# Gran gol di Pato in coppa



## 666psycho (24 Settembre 2015)

Alexandre Pato segna un gran gol dalla distanza portando la sua squadra in vantaggio . La partita si chiude poi 3-0 

video nel secondo post


----------



## 666psycho (24 Settembre 2015)




----------



## tifoso evorutto (24 Settembre 2015)

è ancora relativamente giovane, potrebbe far in tempo a tornare ad essere un giocatore di calcio


----------



## 666psycho (24 Settembre 2015)

tifoso evorutto ha scritto:


> è ancora relativamente giovane, potrebbe far in tempo a tornare ad essere un giocatore di calcio



quanto lo rimpiango... un vero peccato abbia smesso di giocare a calcio.


----------



## neversayconte (24 Settembre 2015)

subito dopo il gol, salta i cartelloni e scivola --- carriera finita.


----------



## Nicco (24 Settembre 2015)

Come mi ha fatto sperare/sognare questo ragazzo.

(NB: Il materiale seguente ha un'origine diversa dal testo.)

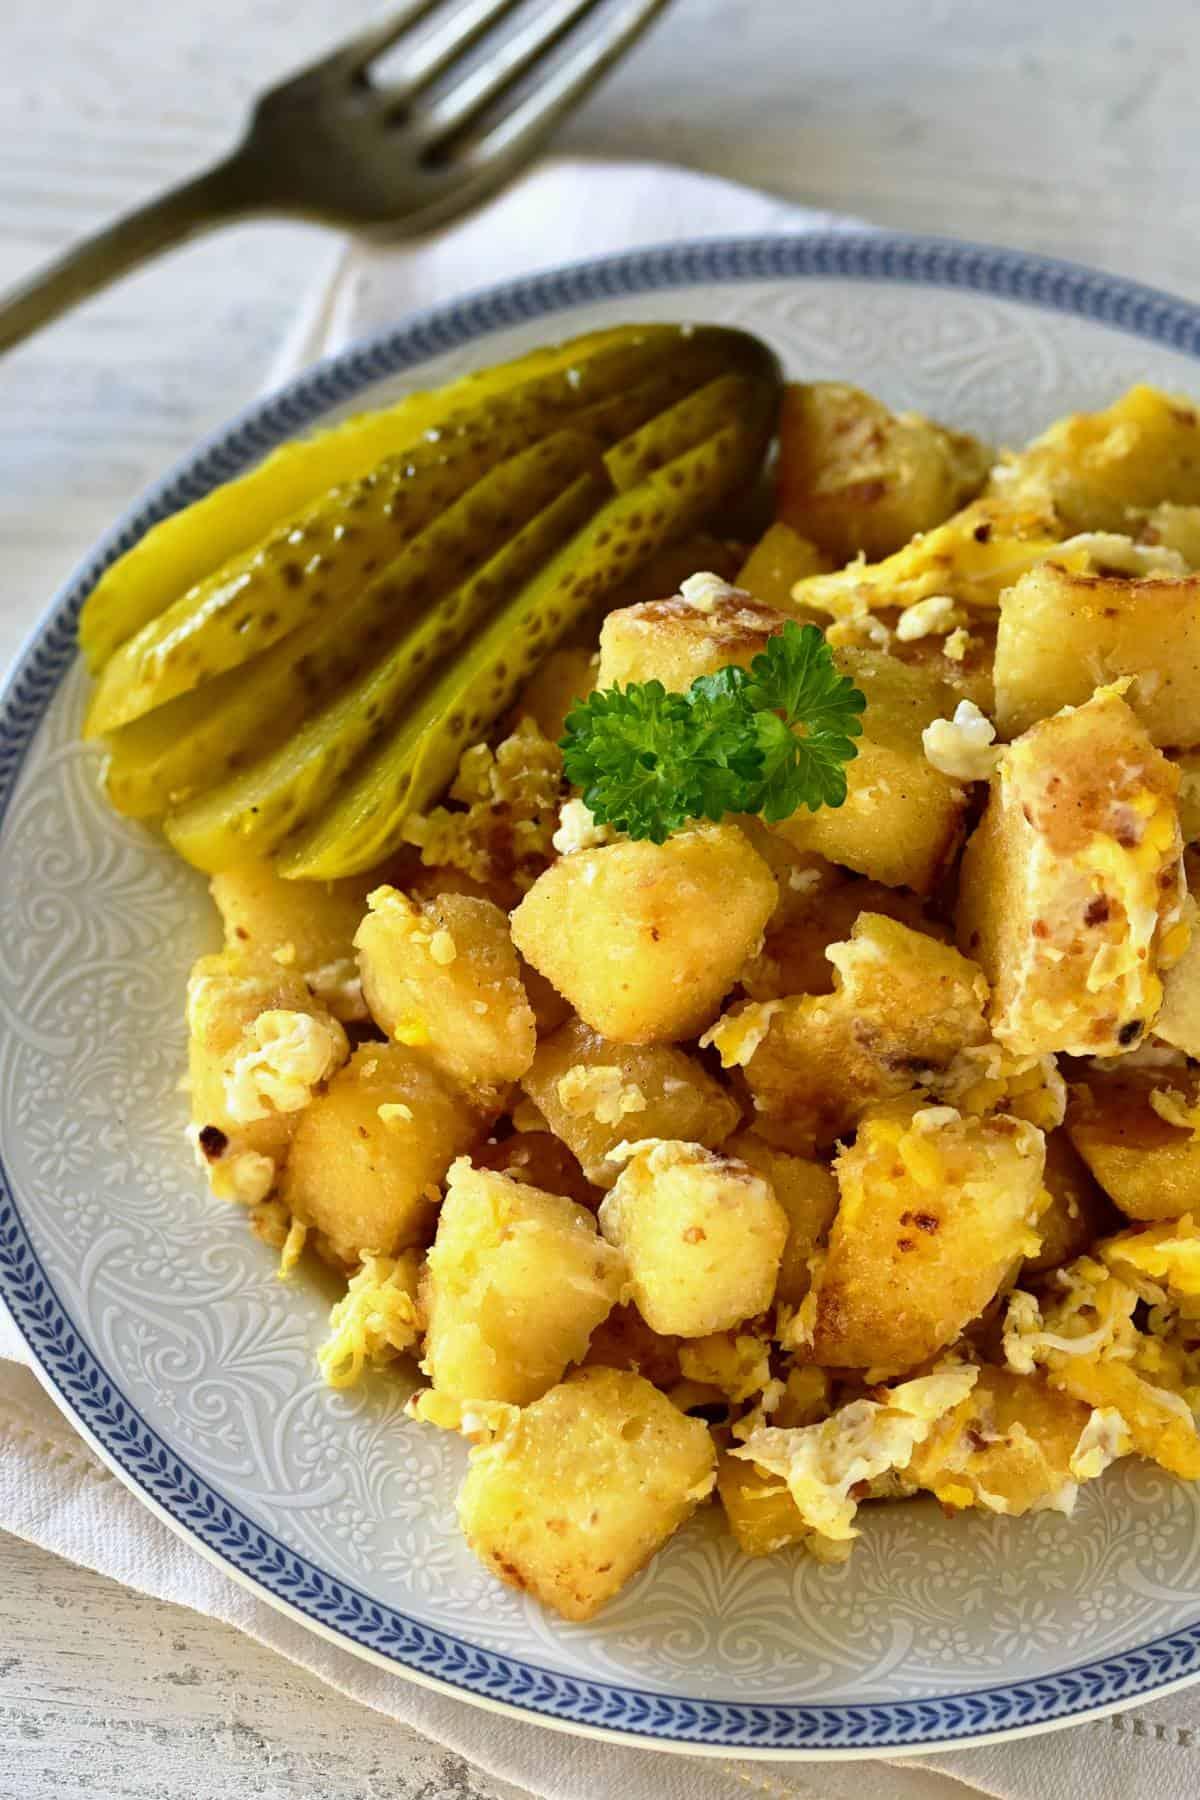 knedlíky s vejci dumplings with eggs

Per me fa bene adesso a rimanere in Brasile e divertirsi.


----------



## Magnus_Marcus (25 Settembre 2015)

Un esordio in Milan-Napoli paragonabile a quello di Kakà in Ancona-Milan, quanto ci speravo... Anzi ero sicuro fosse un fenomeno


----------



## Milanforever26 (25 Settembre 2015)

C'ho sperato fino all'ultimo in questo ragazzo..avrebbe potuto essere il nostro Messi..peccato si sia perso per strada tra infortuni e poca voglia di impegnarsi..
Gli auguro di tornare ad essere un campione e nel caso di rivederlo in rossonero anche se credo sia un treno perso..in brasile può fare una discreta carriera..


----------



## Marilson (25 Settembre 2015)

era un predestinato, che rimpianti


----------



## Gas (25 Settembre 2015)

Bel goal ! Mi piaceva un sacco Pato.. sigh


----------



## Eziomare (25 Settembre 2015)

*Un esordio in Milan-Napoli paragonabile a quello di Kakà in Ancona-Milan, quanto ci speravo... Anzi ero sicuro fosse un fenomeno*

verissimo, io la mattina seguente ero in estasi


----------



## davoreb (25 Settembre 2015)

Io fossi una squadra di media classifica ci proverei, ovviamente non il milan per i trascorsi ma Pato ha (aveva) mezzi tecnici impressionanti, vede la porta ed una facilità di dribbling pazzesca.

Alla fine nel nostro ultimo scudetto è stato importante con 14 goals (senza rigori) e non giocando sempre... forse 20-25 partite.


----------